Ты один на один с собой и своими проблемами, создаешь свои миры, меняя их и подстраивая под внешние изменения, но они остаются сугубо внутренними. И редко когда внутренние миры гармонируют с внешними, как правило, потому, что из них получаются уродливые и абсурдные галактики и вселенные. Но иногда внутреннее может захватить внешнее путем тяжелых и долгих стараний и усилий, путем потрясений и катаклизмов. В то время, как внешнее может с легкостью уничтожить внутреннее, не оставив ничего для духа человека, превратив его с исходное животное, каким его задумывала Природа, но люди ушли с этого пути, совершив скачок, реализовав тысячи лет назад внутреннее во внешнее. И с тех пор человек не изменился, только оброс, как дерево мхом, всякими сложными техническими устройствами, непонятными книгами и неизвестной широкой массе настоящей историей, которую заменили фантастикой, жилплощадью, деньгами в банке, биометрическими паспортами и прочим.

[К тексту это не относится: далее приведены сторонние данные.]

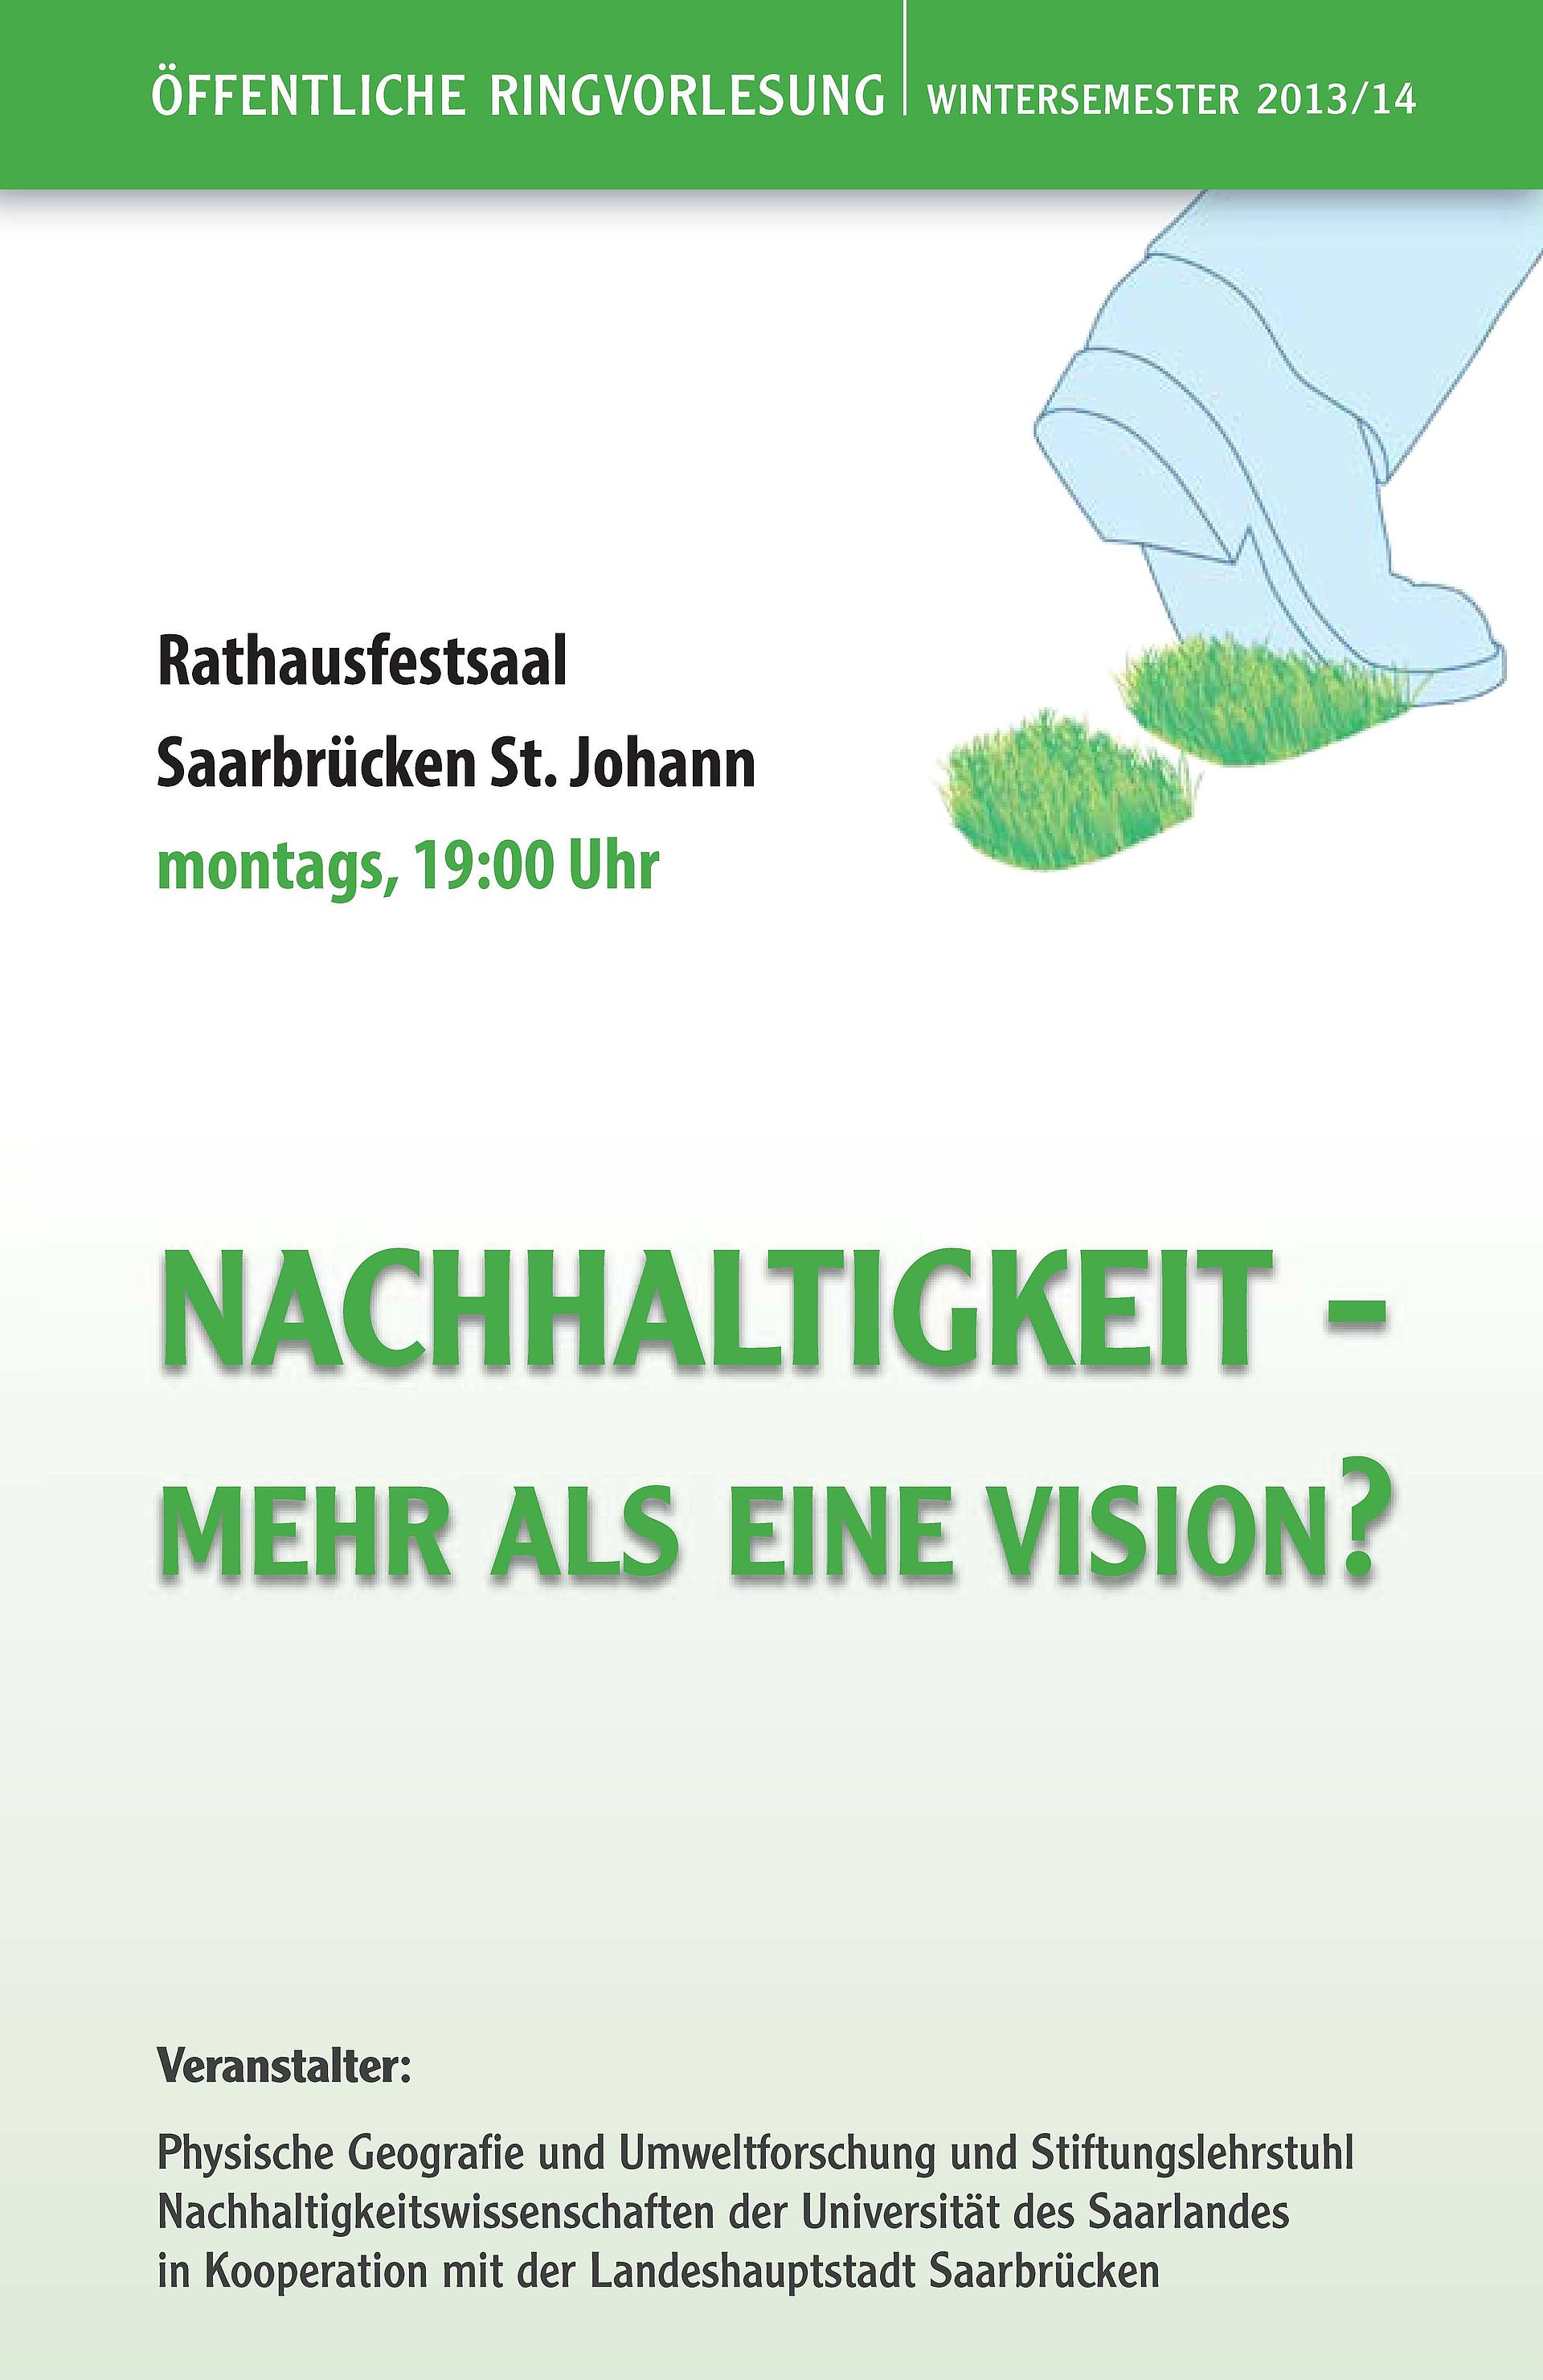 Werbeplakat der Ringvorlesung "Nachhaltigkeit - Mehr als eine Vision!?"

Дарвин не любил людей с самого детства, с трех лет он не шел на контакт с гостями, другими детьми и родителями. Вместо этого он огромное внимание и все свое время уделял неодушевленным предметам. Мальчик привязывался к ним, с трудом переживал их «смерть» и депрессии его не оставляли. Ребенок, мягко говоря, был странным.
Когда он стал старше улучшение в его состоянии, как надеялись родители, не наступило, а все стало гораздо хуже. Дарвин начал разговаривать с предметами. Его лучшим другом стал маленький двухколесный велосипед. Для папы и мамы страшным и ужасным было то, что их ребенок разговаривает с игрушками, что является нормой для других детей, эгоцентрическая речь, направленная на объекты взаимодействия в раннем возрасте вполне нормальна. Но старшие видели в этом что-то дьявольское и опасное, ведь их сын не просто что-то говорил своему велосипеду, он вел с ним диалоги, причем настолько странные, что иногда по телу родителей бегали мурашки.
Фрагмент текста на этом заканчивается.